Given the dependencies of the capacity degradation pre-80 percent capacity, can we assume that different parameters tested do have an effect in predicting the cycle life of batteries?
It appears that all the parameters tested (temperature, SOC range, discharge C-rate) do have an impact on cycle life to some degree and should be considered when developing models for lifetime prediction.
How do you experimentally differentiate LLI and LAM?
We look for specific degradation mechanisms that are associated with each mode of degradation. LLI is commonly associated with SEI formation and Li-plating, while LAM is associated with metal dissolution, particle cracking, and material loss. We target our characterization techniques to look for these phenomena specifically: https://iopscience.iop.org/article/10.1149/1945-7111/ad1450/meta.

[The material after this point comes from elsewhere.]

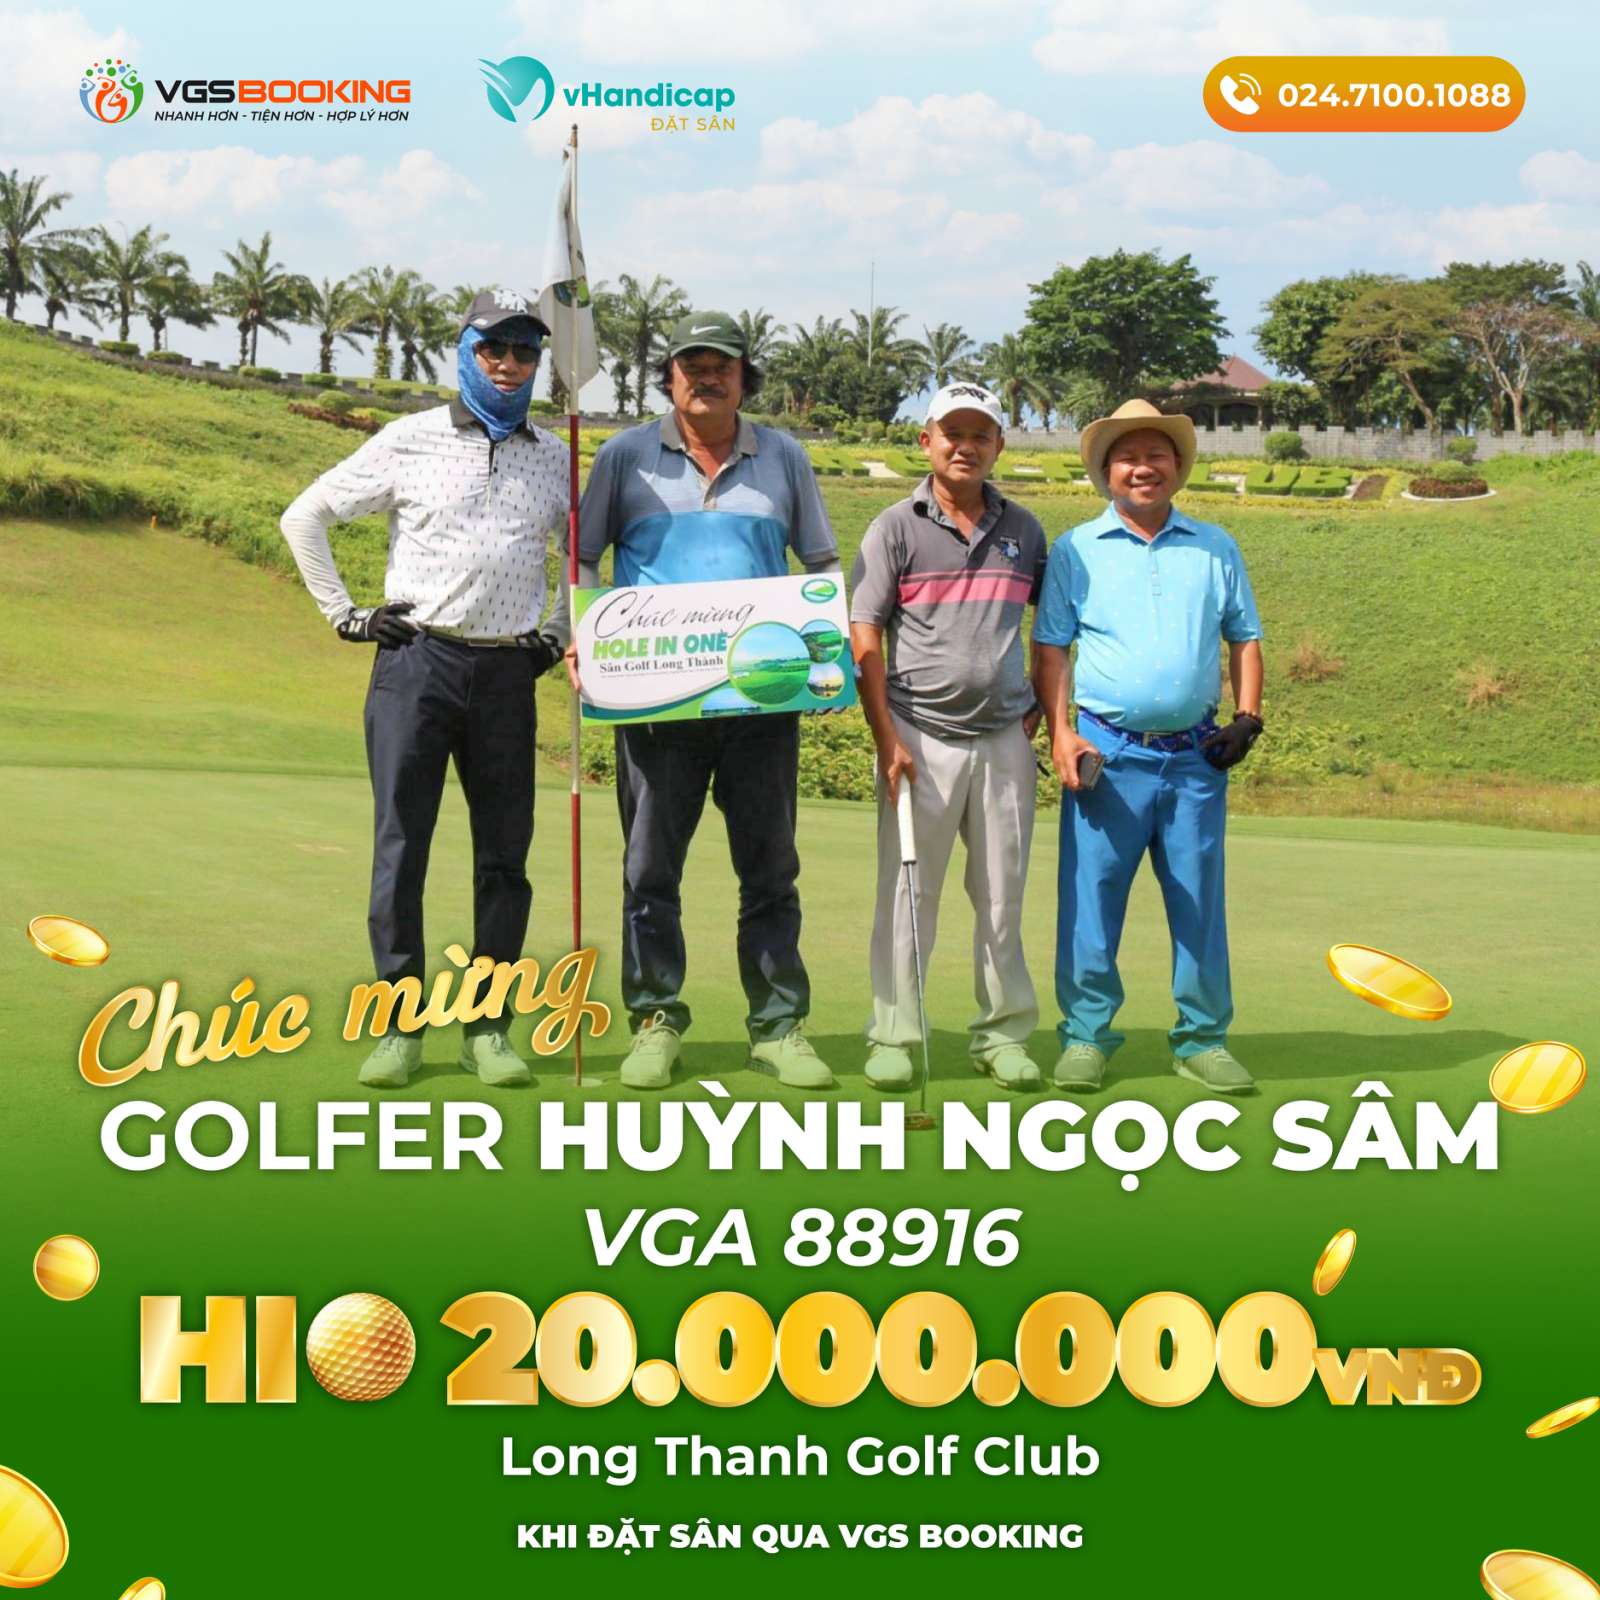 Đặt sân qua VGS Booking, golfer Huỳnh Ngọc Sâm được tặng 20 triệu đồng tiền thưởng khi ghi HIO

Are there similar studies or databases done for post Li-ion batteries (e.g., Na-ion, Mg-ion, lithium solid state batteries)?
We are currently extending the Battery Archive to other kinds of battery data.
What do you think about the impact of varying checkup frequencies and (unintended) rest phases during the cycling?
Rest times between rounds of cycling have been shown to impact capacity degradation. Two notable studies include https://iopscience.iop.org/article/10.1149/2.0201502jes and https://chemistry-europe.onlinelibrary.wiley.com/doi/10.1002/batt.202000160. In these studies, the authors proposed that these rests gave reversibly plated Li time to reintercalate.
Has Li-ion cell technology advanced since the start of this study that may affect the results/conclusions?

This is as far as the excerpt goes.